Based on our extensive experience in the field and state of the art lab equipment we are optimal positioned to generate new intellectual property for our customers.
Successfully securing patent claims requires a comprehensive and data-driven understanding of the structure-activity relationships and is essential for maximizing the value of drug discovery projects.
Key success factors of 3BP's chemistry approach are:
Diverse collection of building blocks. 3BP owns an outstanding collection of non-natural amino acids and building blocks for peptide- and peptidomimetic chemistry. We have the experience to create the most meaningful compound sets and this accelerates the overall optimization process. Moreover this collection is of great value for optimizing, for instance, plasma stability and affinity of lead compounds.

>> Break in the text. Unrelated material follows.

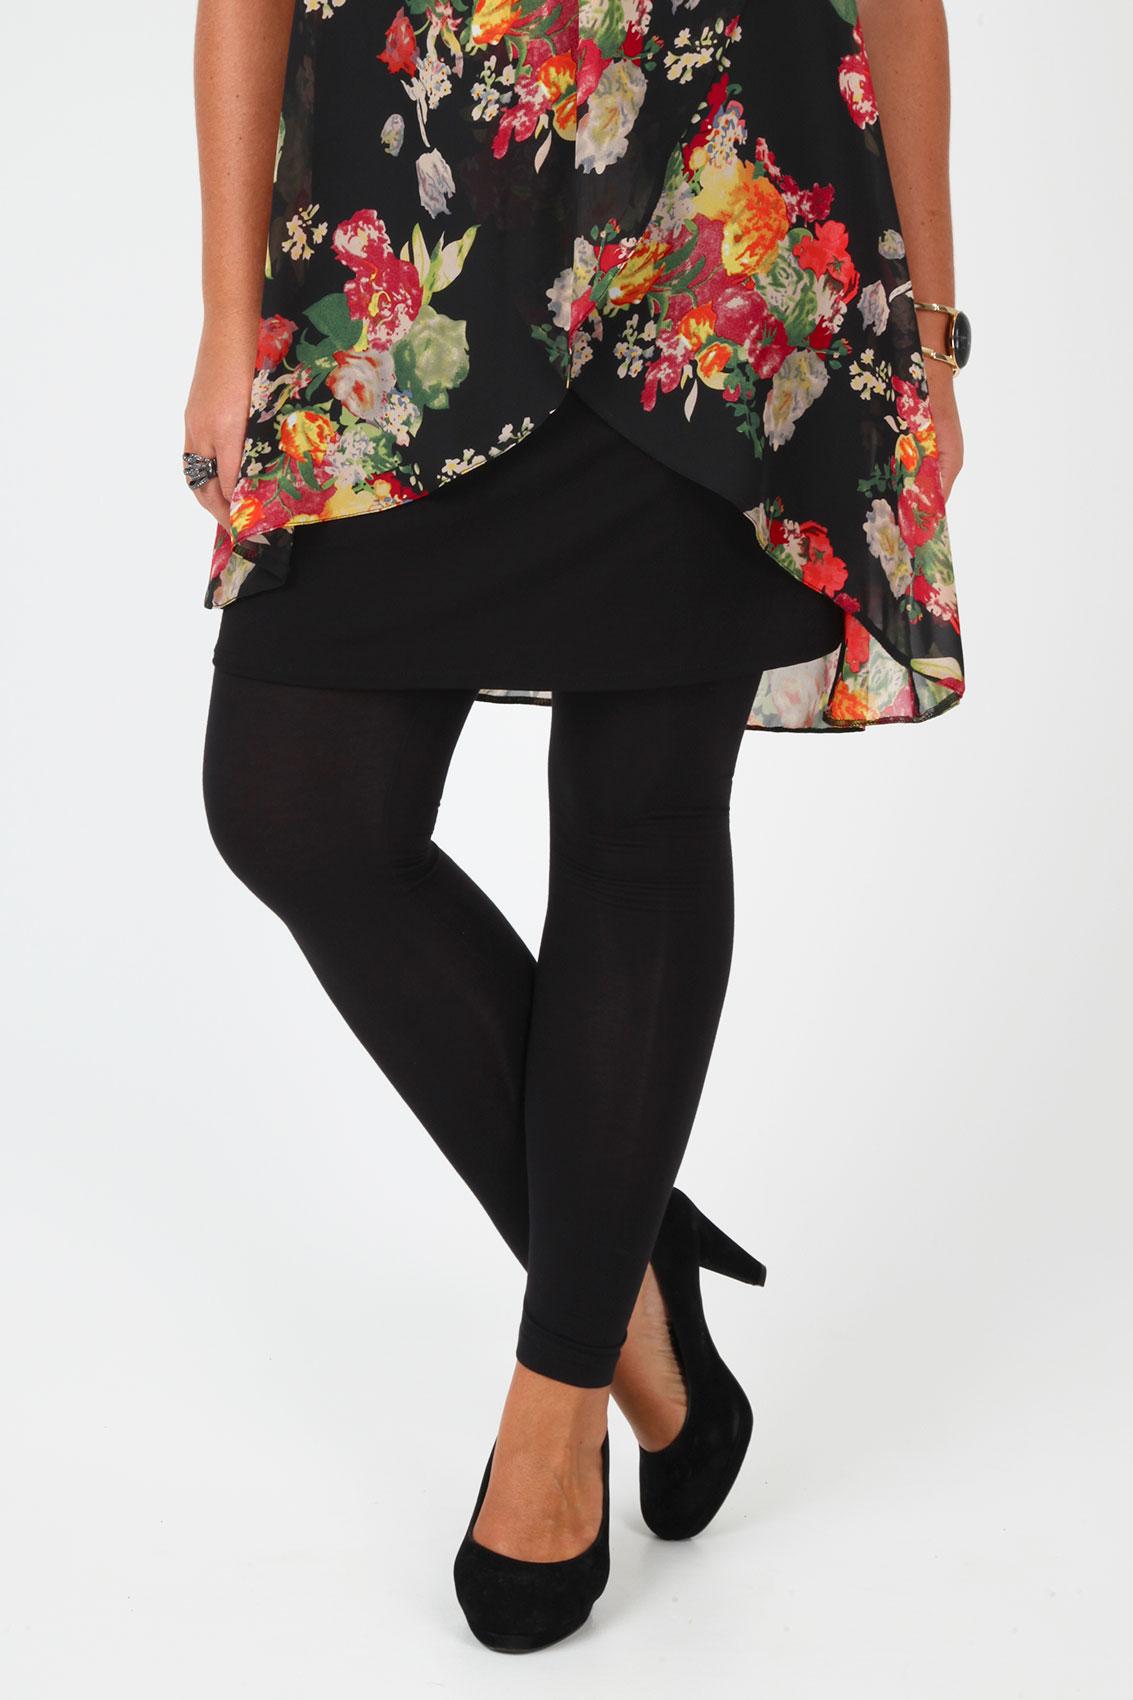 Black Viscose Elastane Full Length Leggings Plus Size 16 to 32

Various macrocyclization strategies. By routinely applying different macrocyclization strategies to peptidic hits we create constrained structures with potentially better affinity, selectivity and/or stability. Furthermore cyclized peptides are often associated with higher permeability.
Optimized interaction with other disciplines. Receiving results of the most important tests, like biological assays, plasma stability, metabolite identifications and PK studies almost directly after synthesis is of great value for the progress and short turnaround times in optimization programs.
Modifications to increase half-life. Our chemistry group has extensive experience with site specific conjugation of polymers and proteins for improving the terminal half-life of novel lead compounds. BP has established several approaches for the enhancement of plasma protein binding. With those approaches one can aim at once daily or once weekly dosing regimen in humans.
Bispecifics, Dimers and Multimers. For multiple projects 3BP successfully used oligo- or multimerization approaches. Our chemistry group is also involved in the synthesis and optimization of bispecifics. Typical combinations are peptides or small molecules conjugated via spacers to small molecules, peptides, antibody fragments, antibodies or proteins.